Support and Survival of the Arts in Jersey City

Posted by MartinM on 2017/5/16 6:53:44
I attended New Jersey City University's Arts and Culture Breakfast Symposium on last Thursday morning with a wide array of artists and arts leaders representing arts groups from all over Jersey City and representing all different media in the arts. It is encouraging that NJCU is playing the role of a facilitator of communication.

Unfortunately, I was dismayed and frustrated by the lack of awareness, inability to articulate, and tone deaf comments by the government officials in attendance. No personal offense intended - but the arts are a highly sophisticated and educated field that requires individuals who possess knowledge, contacts, and education in the areas of arts and non-profit management. Beyond the individuals on the panel with specific experience in arts management, I heard nothing but more platitudes about Jersey City's "great arts scene". One official, at a loss for describing his familiarity with Jersey City arts, spoke about his passion for karaoke. Another seemed to be swimming in gibberish, incomprehensible to anyone in the room. A third trotted out the same tried and true excuse: we are fixing everything the prior administration did wrong. (Isn't there a statute of limitation on that one?) None appeared to have a grasp of the challenges facing arts and arts groups in Jersey City nor ideas for remedying the crisis that arts in Jersey City are facing. Are these officials aware that there is not one arts organization in Jersey City with even marginally adequate funding for operations in spite of our location in the most economically active region in the state?

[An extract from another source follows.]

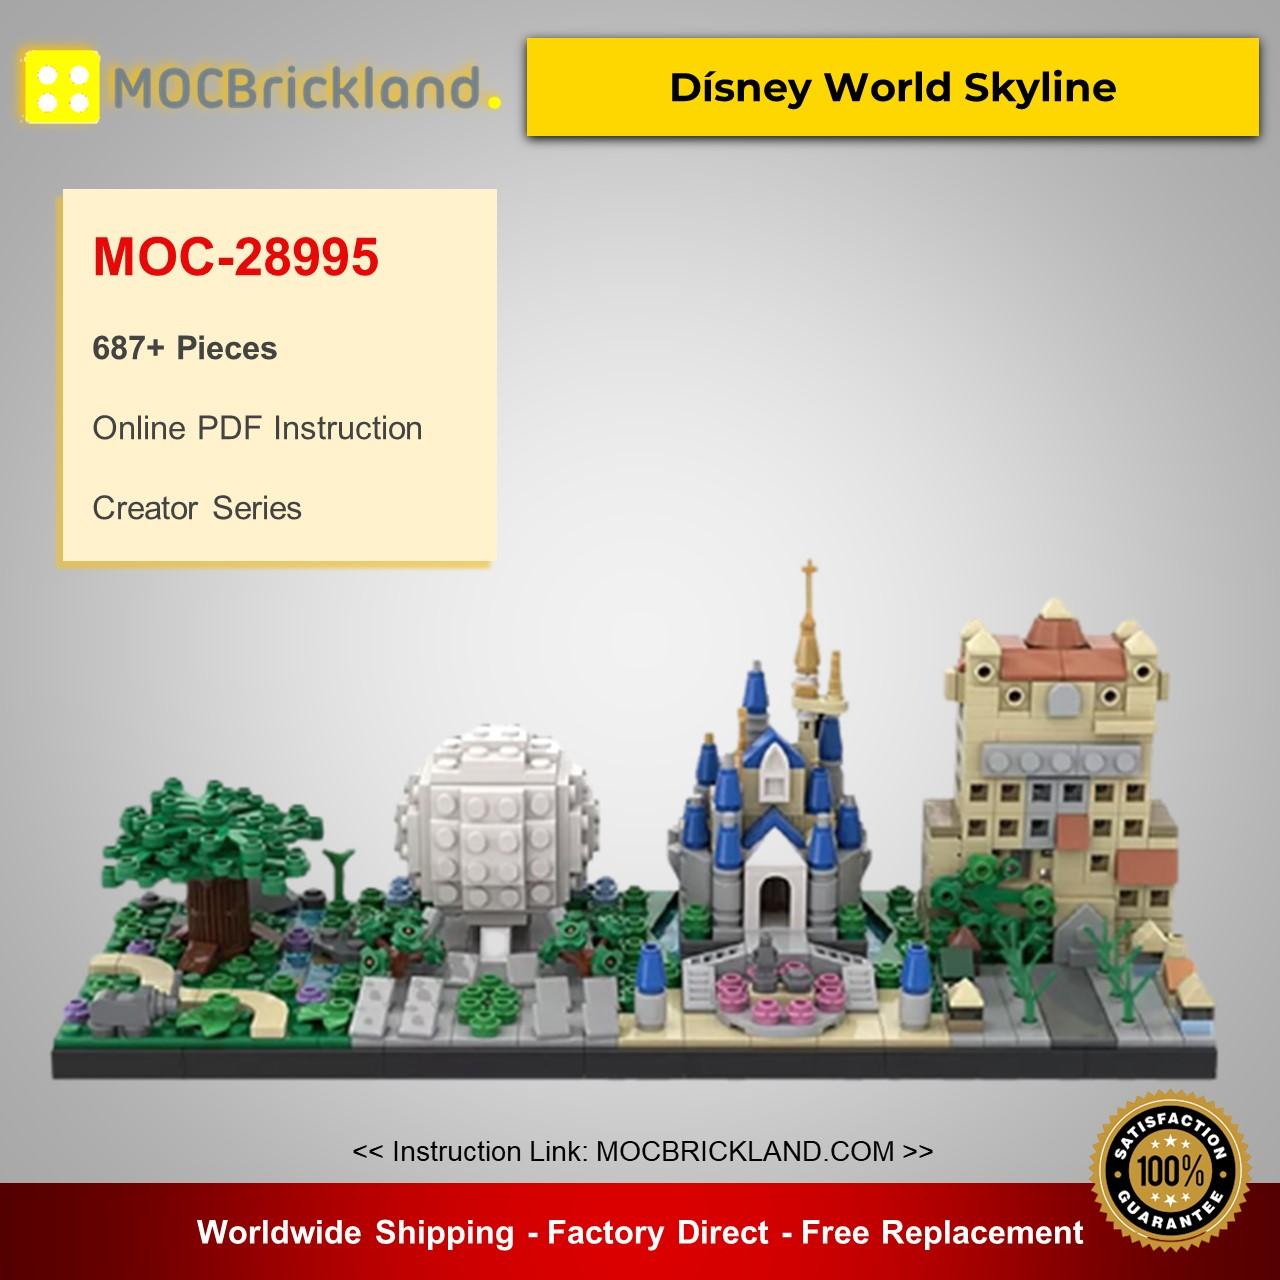 MOC-28995 Creator Dísney World Skyline Designed By benbuildslego With 687 Pieces
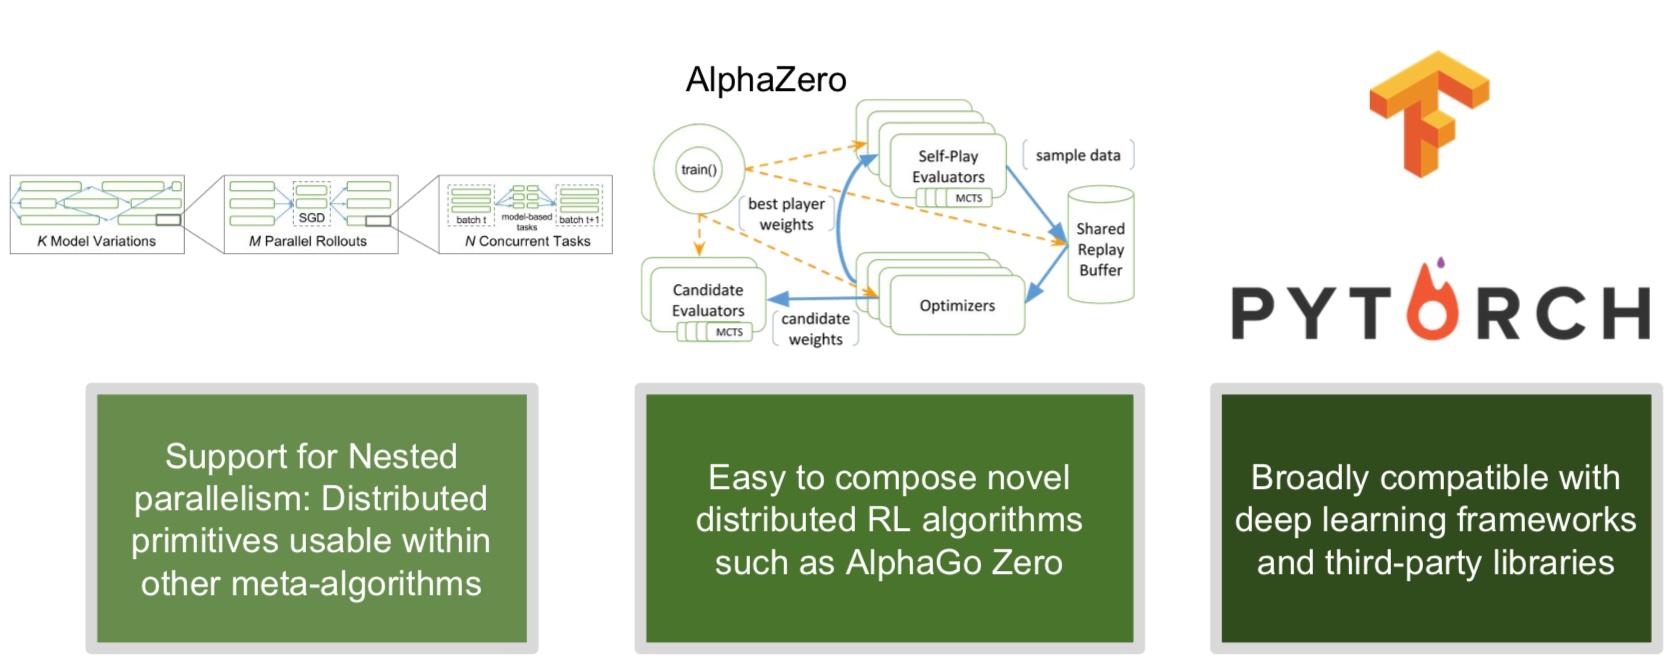 RLlib offers composability

Last week's meeting conveyed no confidence that the city possesses the will, awareness, or expertise to address the underlying issues of: negligible arts funding, lack of professional arts performance/exhibition space, inclusion of arts in city planning decisions, enforcement of arts provisions in zoning and other ordinances. At today's panel discussion the tension in the room between the official "party line" about support for the arts - and the reality that Jersey City arts groups face in Jersey City - was so thick you could have cut it with a knife.

I hope local government will prove me wrong about their commitment to the arts. Or perhaps these pols, in their campaign year calculations, will decide that providing real policy and leadership in the arts is not as cheap and easy as highly publicized window dressing: murals, public arts events barely discernible from poltical rallies paid for by the tax payers but with the mayor's face front and center.